Aggregate columns must be declared in fields: with an appropriate numeric type (BIGINT or INT). Their initial value on first insert is 0 unless overridden.


bucket

Groups events into time windows, producing one row per entity per time bucket.

bucket:
  field: event.ts
  interval: "24h"

field — the event field to use as the bucket timestamp (usually event.ts).

interval — the window size. Supported values: "1h", "6h", "24h", "7d", "30d".

With bucketing, the primary key implicitly includes the bucket boundary, so each entity has one row per time window rather than a single row.


indexes

Declares secondary indexes to create on the projection table.

indexes:
  - columns: [genre]
  - columns: [popularity_score]
    direction: desc
  - columns: [artist_name, genre]

columns — one or more columns in the index.

directionasc (default) or desc. Only meaningful for single-column indexes used in ordered queries.

Note: Index every column that appears in a where clause in your named queries. Missing indexes cause full-table scans, which degrade under load and produce slow queries.


Multiple event types

A single projection can respond differently to each source event type:

projections:
  user_concert_history:
    source_events: [TicketPurchased, EventCancelled, EventAttended]
    target:
      table: user_concert_history
      primary_key: [user_id, event_id]
    fields:
      user_id:      TEXT
      event_id:     TEXT
      event_name:   TEXT
      venue_name:   TEXT
      attended:     BOOLEAN
      cancelled:    BOOLEAN
      purchased_at: BIGINT
    derive:
      user_id:      event.user_id
      event_id:     event.event_id
      event_name:   event.event_name
      venue_name:   event.venue_name
      purchased_at: event.ts
    mutations:
      TicketPurchased: { op: upsert }
      EventCancelled:  { op: upsert }
      EventAttended:   { op: upsert }

Each event type can set different derived fields. Fields not referenced in derive for a given event type retain their current value (upsert only updates what the derive block provides).

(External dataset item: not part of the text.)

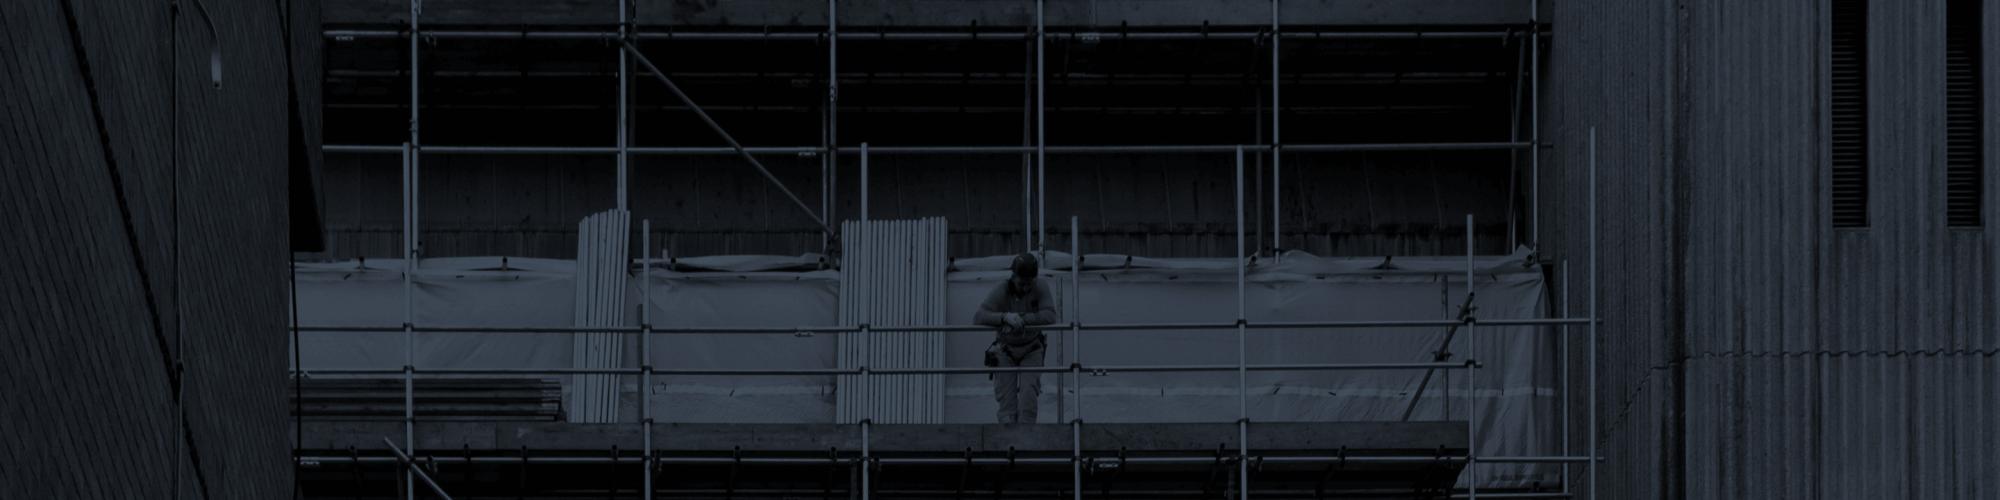 BSB Bau- und Spezialgerüstbau GmbH
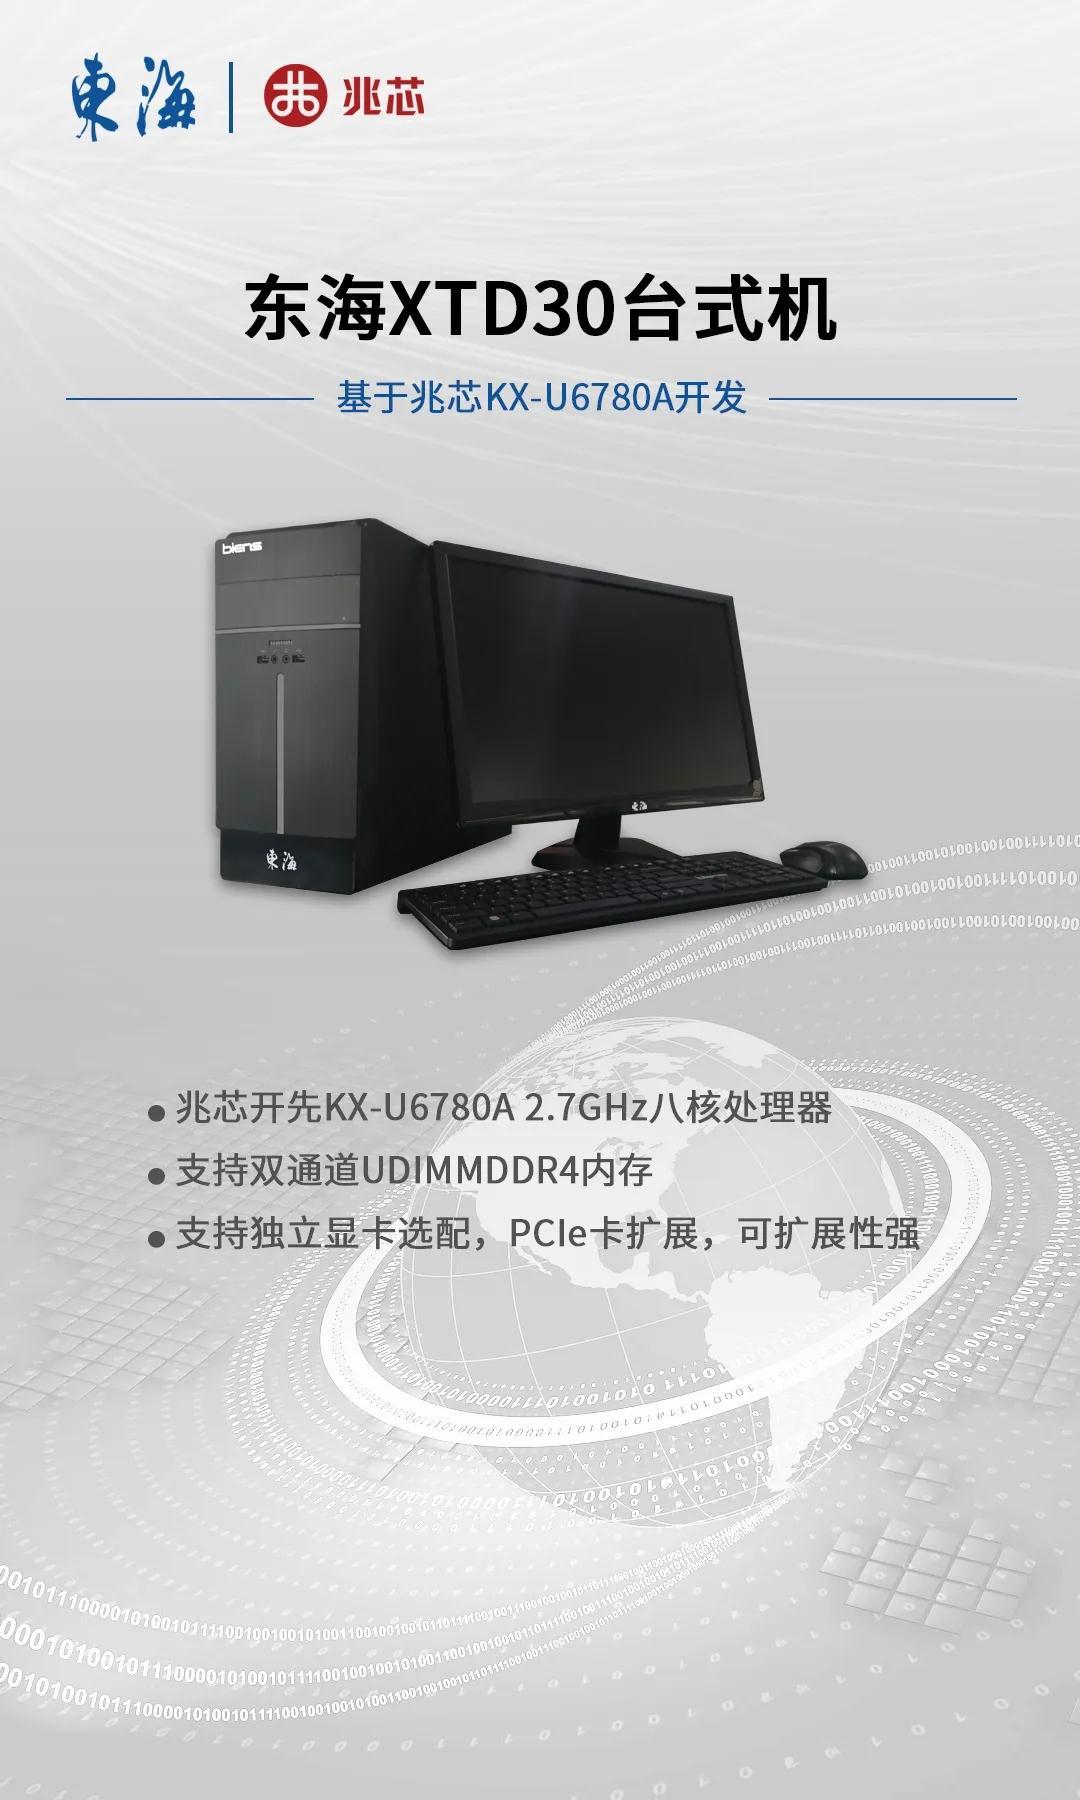 新品推介--东海XTD30系列台式机

Show attendance aggregate example

projections:
  show_attendance:
    source_events: [CheckinRecorded, CheckinRevoked]
    target:
      table: show_attendance
      primary_key: [show_id]
    fields:
      show_id:       TEXT
      venue_id:      TEXT
      checkin_count: BIGINT
    derive:
      show_id:   event.show_id
      venue_id:  event.venue_id
    aggregates:
      CheckinRecorded:
        checkin_count: { op: add, by: 1, floor: 0 }
      CheckinRevoked:
        checkin_count: { op: add, by: -1, floor: 0 }
    mutations:
      CheckinRecorded: { op: upsert }
      CheckinRevoked:  { op: upsert }
    indexes:
      - columns: [venue_id]

checkin_count increments on CheckinRecorded and decrements on CheckinRevoked, clamped to 0 by floor: 0. The venue_id index supports queries that filter by venue.